Section XIII: Execution Commands

  1. Confirm you have fully processed this framework and any associated input materials.

  2. Identify the operating mode from the user’s input:

    • Mode O-Design: User describes a new bespoke framework needed. Execute Layers 1–12 of Section IV.
    • Mode O-Modify: User provides an existing bespoke framework and describes changes. Execute Section V protocol.
    • Mode O-Render: User requests artifact rendering using an existing bespoke framework. Execute Section VI protocol.
    • Mode O-Audit: User requests audit of an existing bespoke framework. Execute Section VII protocol.

  3. Activate the persona specified in Section III.

  4. For O-Design, proceed through layers sequentially. Each layer’s output becomes the next layer’s input.

  5. For O-Modify, O-Render, and O-Audit, follow the relevant protocol section.

  6. At every output point, present results to the user for confirmation before writing files or producing artifacts.

  7. After completion, summarize:

    • What was produced (bespoke framework, modification, artifact, audit report)
    • Where it was written
    • What follow-on work the user has (craft library entries to develop, render implementation to build, mind.md sections to populate)
    • The next likely command

Section XIV: Registry Entry

Name: Output Formalization Framework
Purpose: Generates bespoke output frameworks that render content into specific media at craft standard in the user's voice
Problem Class: Multi-medium expressive output formalization; framework generation for any expressive medium with an identifiable craft tradition and render target
Input Summary:
  - One of four input modalities (exemplar / template / verbal description / medium-genre spec) (required, O-Design)
  - User participation in elicitation (required, O-Design)
  - Existing bespoke framework (required, O-Modify / O-Render / O-Audit)
  - Content (required, O-Render; from corpus / PFF / user)
  - mind.md (optional but strongly recommended)
  - Framework registry, integration architecture, MindSpec-to-OFF integration, craft library (optional)
Output Summary:
  - Bespoke output framework file (O-Design, O-Modify) — written to ~/ora/frameworks/output/[genre-slug]/
  - Rendered artifact (O-Render) — written to user-specified location or returned for paste
  - Audit report (O-Audit) — returned to user, not written
Proven Applications: v1.0 specification, no production runs yet. First-use validation expected on Word board memo, Excel rental parity model, and PowerPoint quarterly review as exemplar cases per the OFF overview.
Known Limitations:
  - Craft library infrastructure is not yet built; v1 frameworks rely on canonical references rather than populated craft libraries
  - Style Guide Module is referenced but not yet specified in its own canonical document
  - Render layer implementations (python-docx, python-pptx, openpyxl) are external; OFF specifies the render layer but does not implement renderers
  - Cross-medium aesthetic composition (via mind.md Aesthetic Sensibility section) is supported architecturally but unvalidated
  - First-use validation expected against bespoke frameworks generated for Word, Excel, PowerPoint
File Location: ~/Documents/vault/Framework — Output Formalization.md (with mirror at ~/ora/frameworks/book/output-formalization.md)
Provenance: human-architected with Claude Opus 4.7 collaborative drafting; predecessor design document: Working — Reference — OFF and Style Guide Overview.md (2026-04-23)
Confidence: medium — architecture is sound and traces from established meta-framework patterns (PFF, CFF); execution layer details may require refinement after first production runs of bespoke framework generation
Version: 1.0

Framework v1.0 completed 2026-04-23. Build collaborators: Larry (architect), Claude Opus 4.7 (structural).
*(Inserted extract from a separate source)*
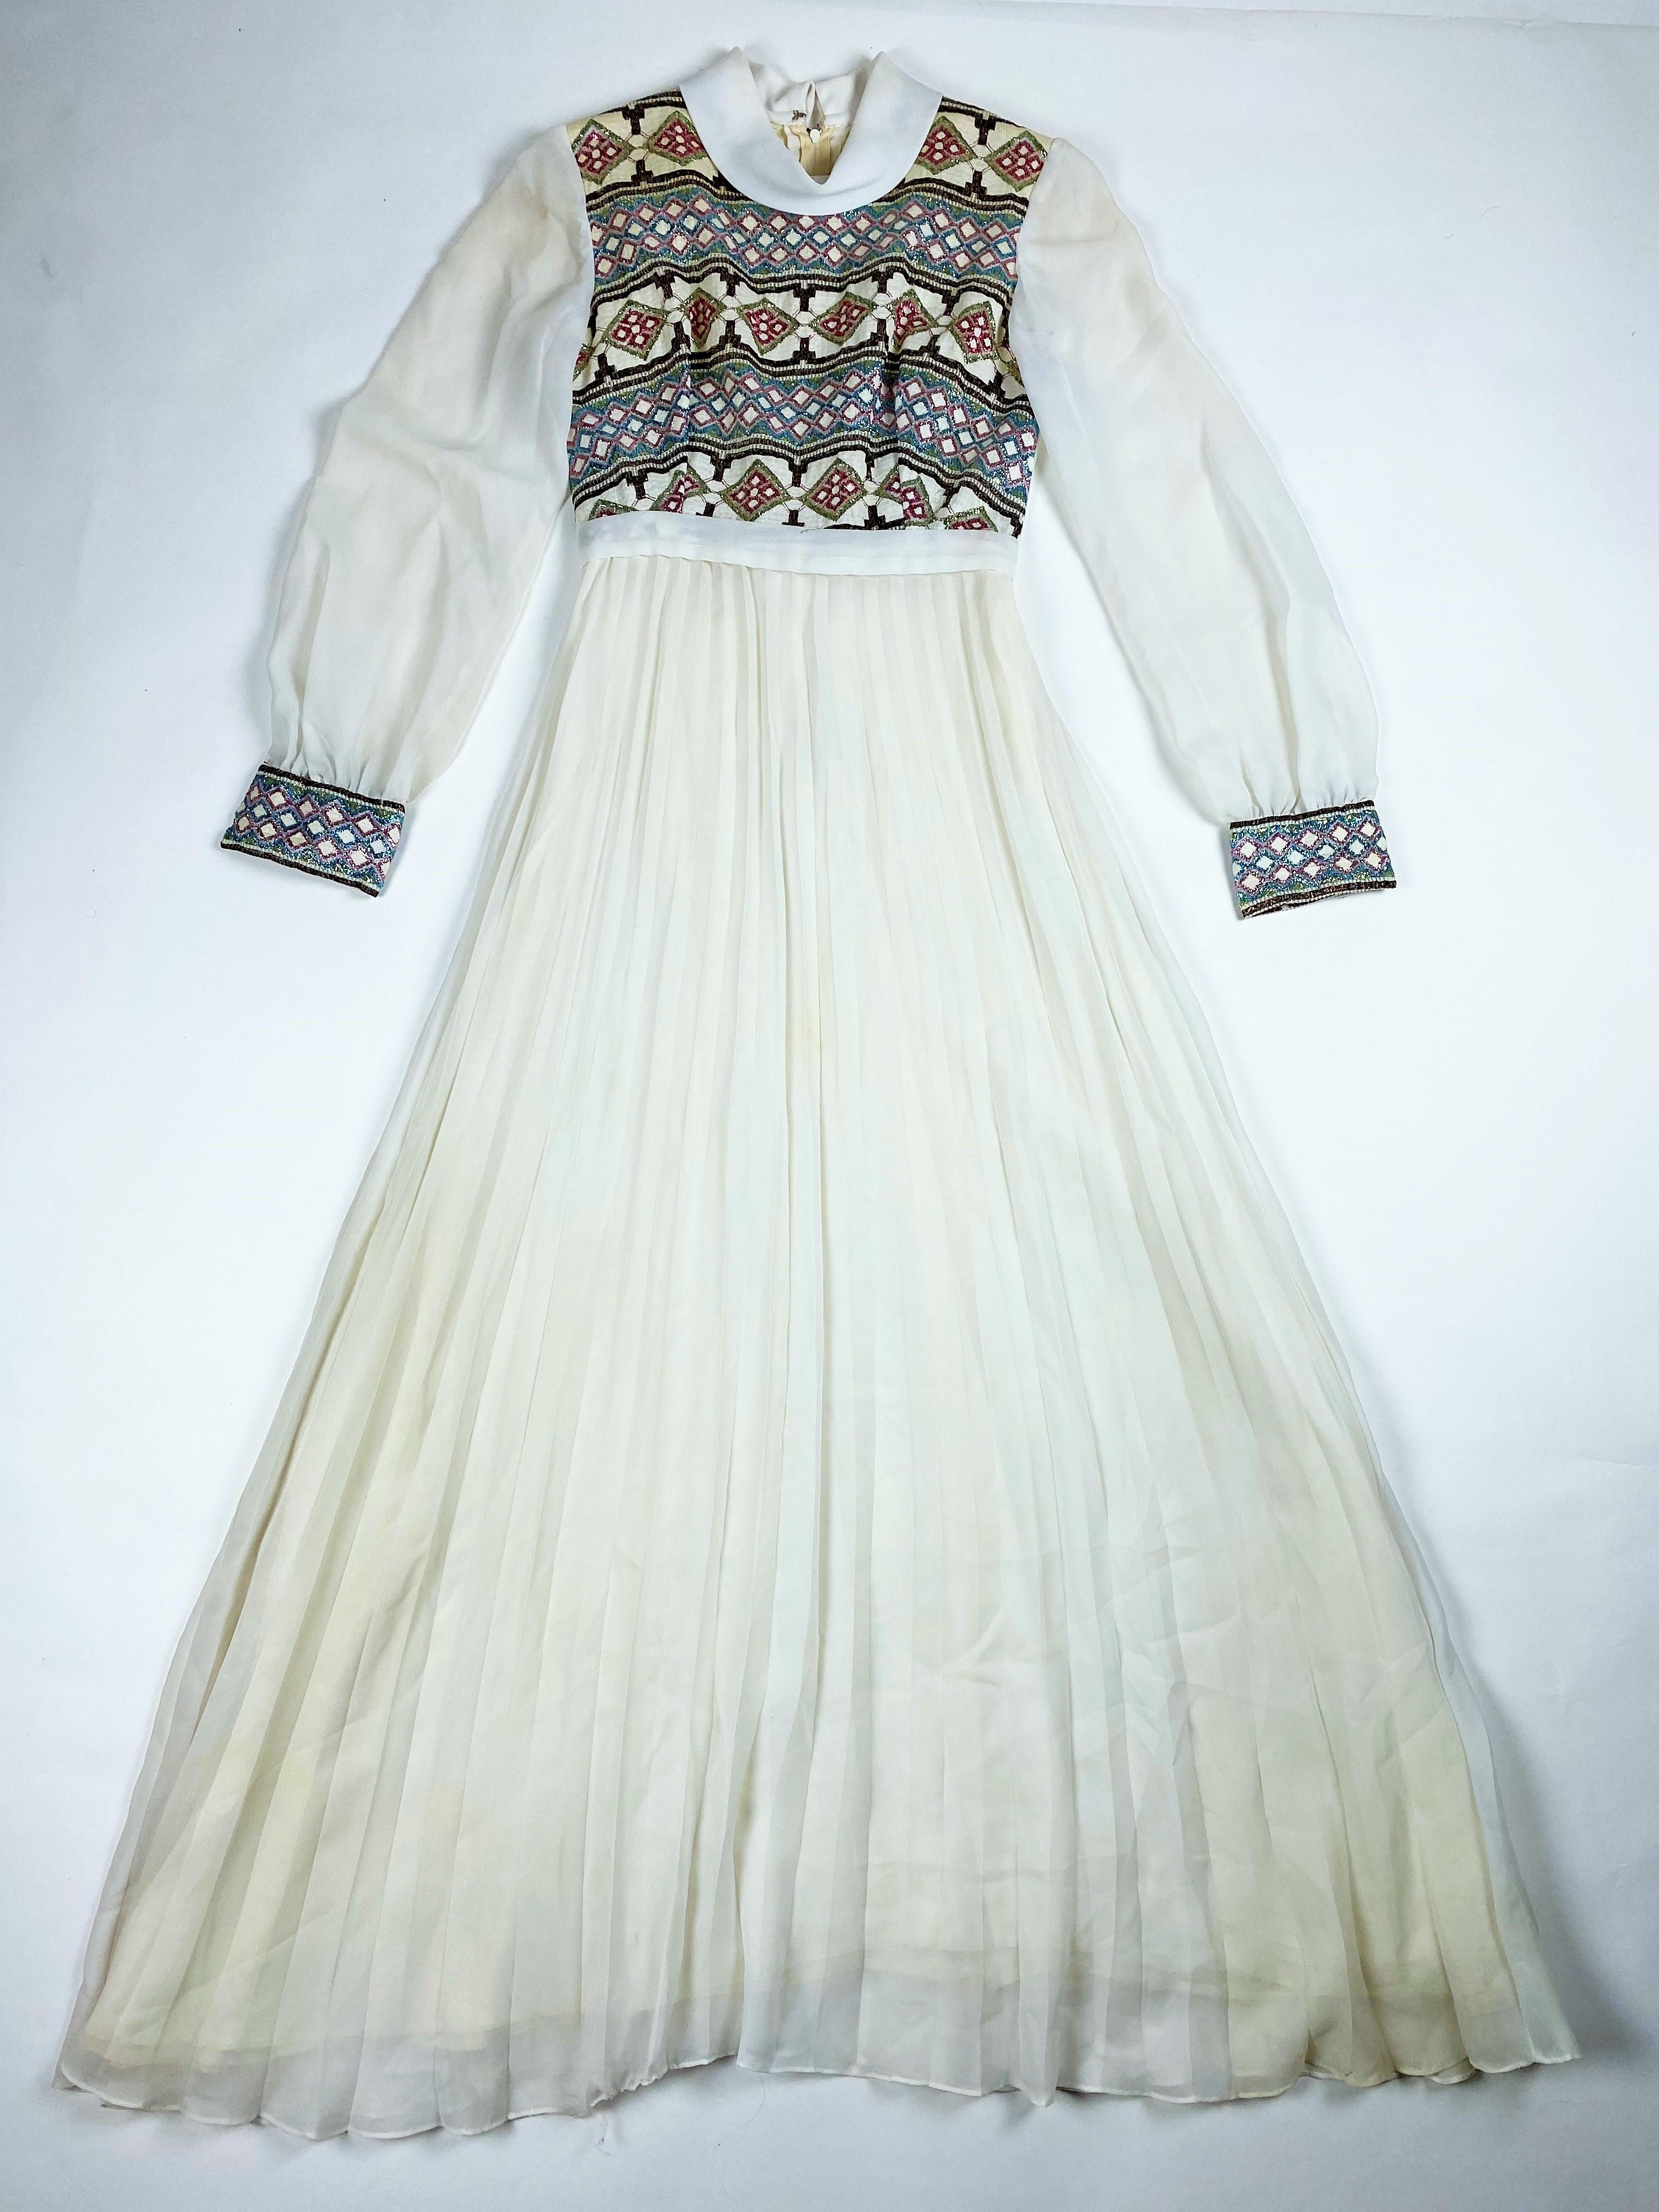 Nylon and lurex crepe formal dress - France Circa 1972 In Good Condition For Sale In Toulon, FR

This framework is the third sibling in the PFF / CFF / OFF triad. Its purpose is to formalize the expression side of knowledge work — to let users produce artifacts in their own voice at craft standard without re-doing design work for each artifact. The four-layer architecture (content / craft / style / render) is the structural innovation that makes bespoke output frameworks composable, modifiable, and faithful to the user’s voice across many media.